In 1915, Rudolph suffered the loss of two young half-siblings in rapid succession -- his brother Albert Mueller on April 27th of a lung infection, and his sister Lena Mueller Jennings July 9th of peritonitis following an appendectomy. Albert was only eighteen, Lena nineteen. These blows came less than a year after the death of Rudolph’s father. At this point, Rudolph’s life seems to have fallen apart, a decline perhaps triggered by these tragedies. Family recollection is that his marriage to Mattie went sour, and they separated, and that he may have committed suicide. The state death index shows he passed away 23 March 1918 in Monterey County. He was not yet fifty years old.

Now on her own, Mattie turned to hotel housekeeping to support herself. At this point in California history, Kern County was replete with residence hotels and boarding houses needed by the many bachelors who were employed by the booming oil industry, so she moved south. The 1 January 1920 census shows her in Bakersfield, residing at her workplace. (She is listed under the spelling of Muller.) Also in the the 1920 Kern County census is Joe T. White, an employee for Standard Oil, lodging in a boarding house. He was Joseph Tilden White, and had been born in Caldwell County, NC 29 July 1876 to Ambrose White and Mary A. Tritt. He had come out to California with his twin brother Daniel Tilden White, who like him had become an employee of Standard Oil. Mattie and Joe may already have encountered each other by early 1920. Joe’s address on his draft registration card shows him at a boarding hotel in Bakersfield in September, 1918 -- this may well have been the same hotel Mattie worked at. Perhaps they met slightly later. In either case, they entered into a courtship and were wed in approximately 1922.

The couple remained in Bakersfield for a time, then settled in Pond, CA. Pond is such a small place it does not appear on most maps. It is in Kern County, located about six miles southwest of Delano. It was no doubt a community that existed as a whistlestop along the Southern Pacific railroad line. It has lessened in vitality now the main transport corridor is Highway 99, several miles to the east. When the Whites lived there, it was near an oil pumping station where Joe worked as a night watchman. Mattie raised chickens at home as a supplementary means of income.

Mattie died 29 December 1942 and is buried in Delano. Joe White survived her, probably continuing to reside in the home he and Mattie had shared. He passed away in Kern County 15 April 1947.

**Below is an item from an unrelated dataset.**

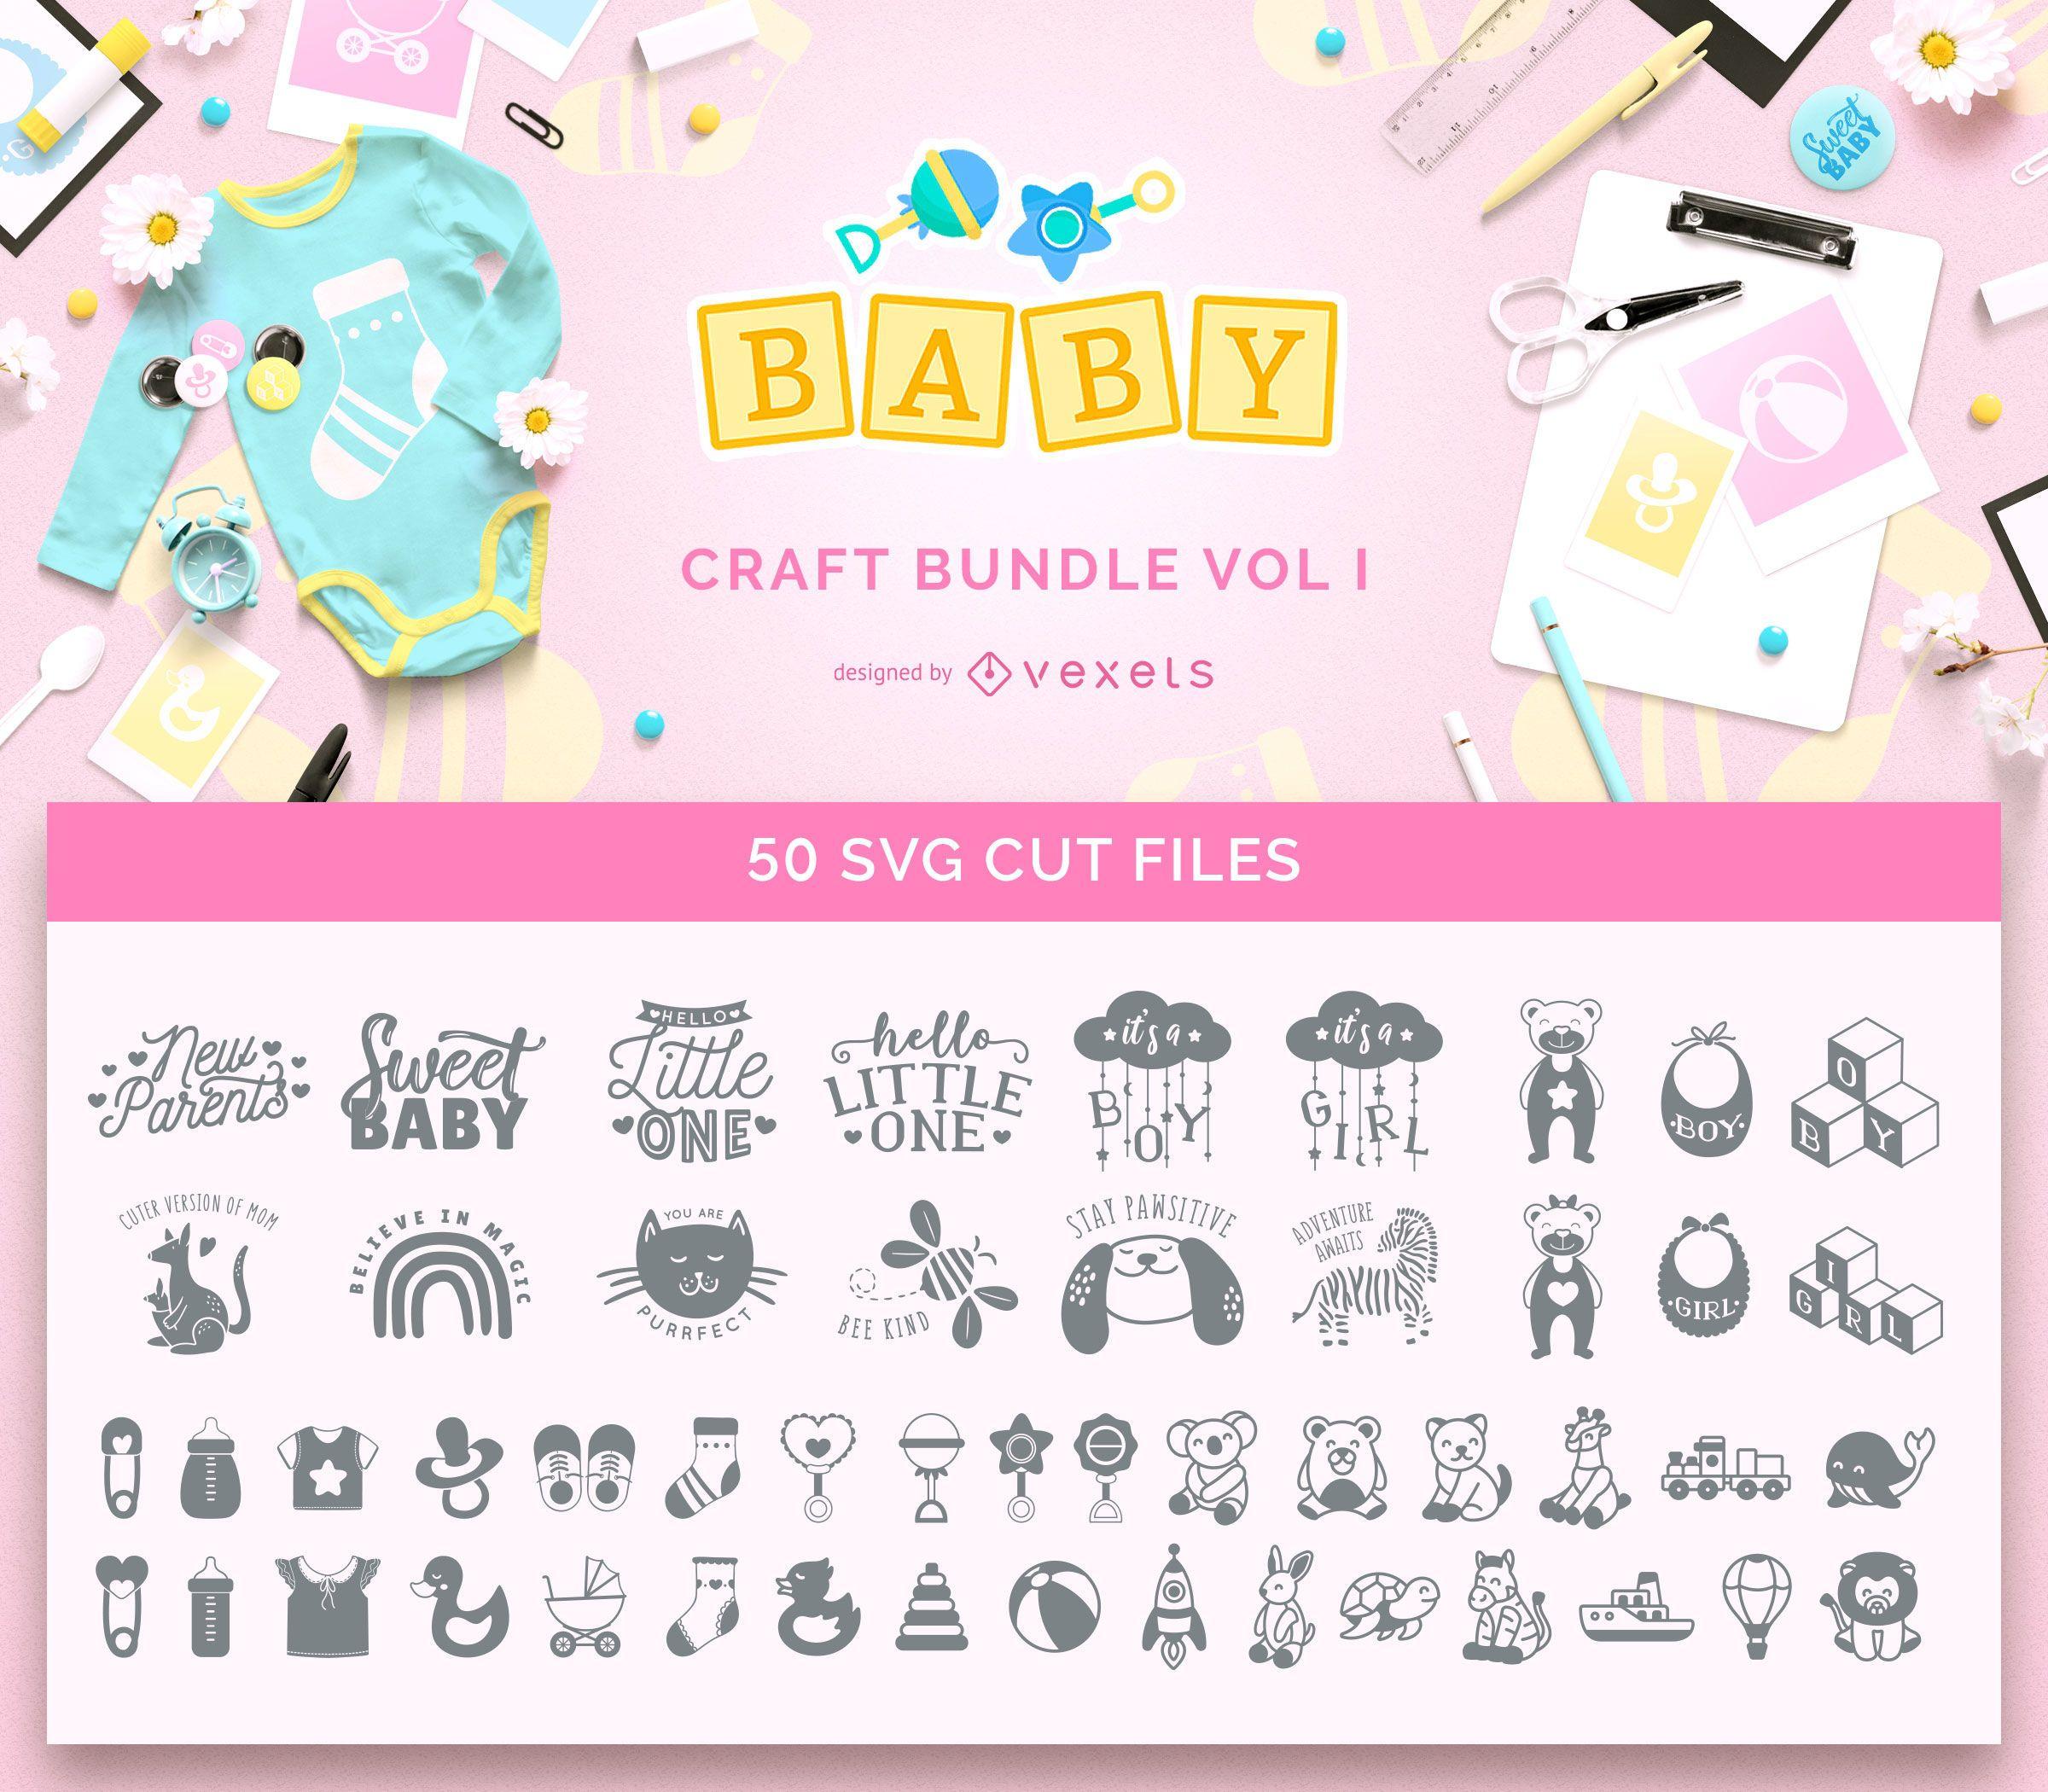 Baby Craft Bundle Vol I
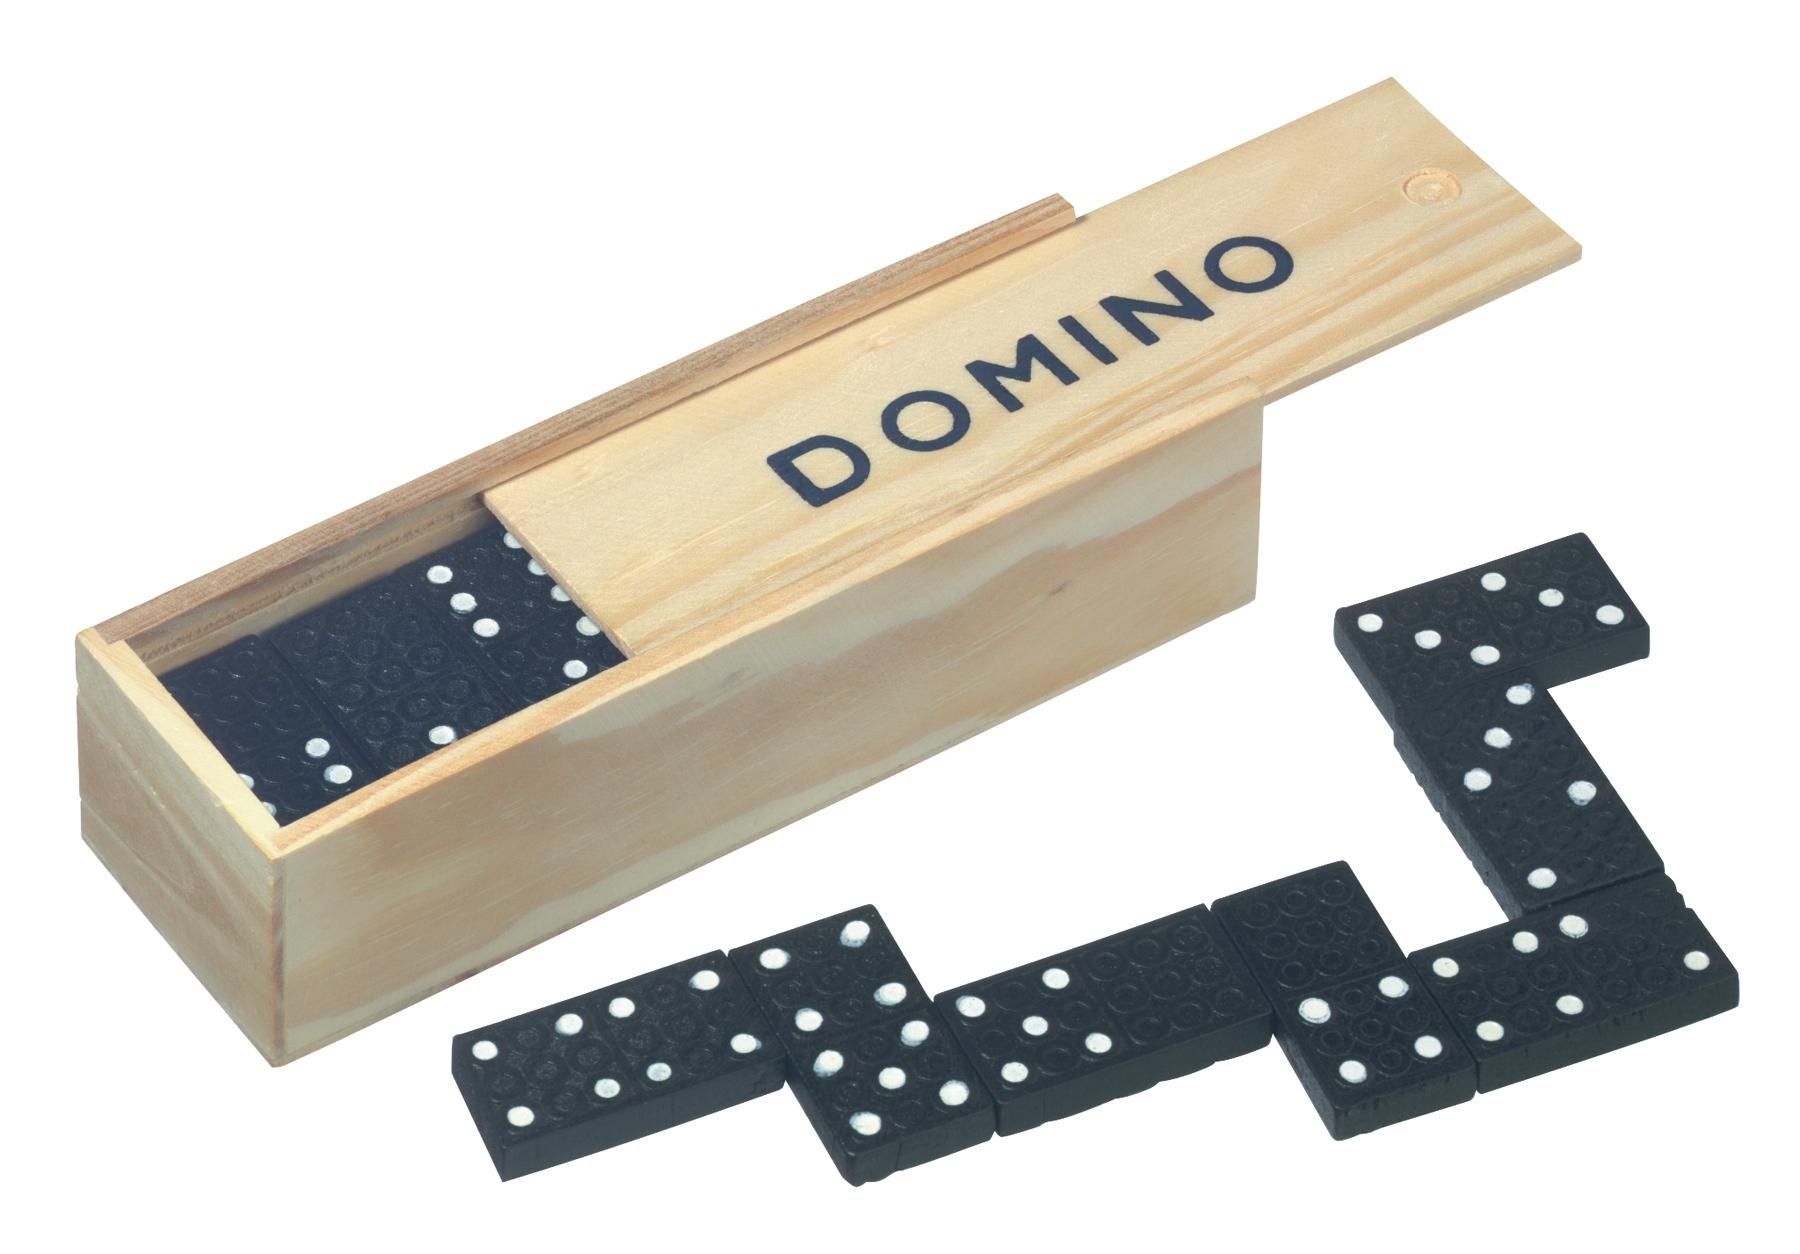 Gra DOMINO, czarny, drewniany

Note: Many web-based genealogies render Mattie’s death date as 29 January 1943. These sources probably all take that date from Ivan Branson’s Bones of the Bransons. Ivan appears to have calculated the date by using a newspaper obituary on which someone had written “January 1943” and which stated in its published text that Mattie had died on the 29th of the month. However, this clipping was from an issue released during the first week of January and the line referred to the previous 29th. The state death index shows she indeed died 29 December 1942. A different funeral notice clipping mentions was buried 31 December 1942. One would certainly hope she wasn’t buried four weeks before she died!


Mattie and Rudolph in front of their Hornitos home/cabin circa 1910. The extremely tall young man is Mattie’s nephew Walter Branson, son of Alvin. The boy on the right, beneath Mattie’s left arm, is probably Ivan Branson, Walter’s younger brother. The identities of the other boy and the dark-haired woman on the right are not known.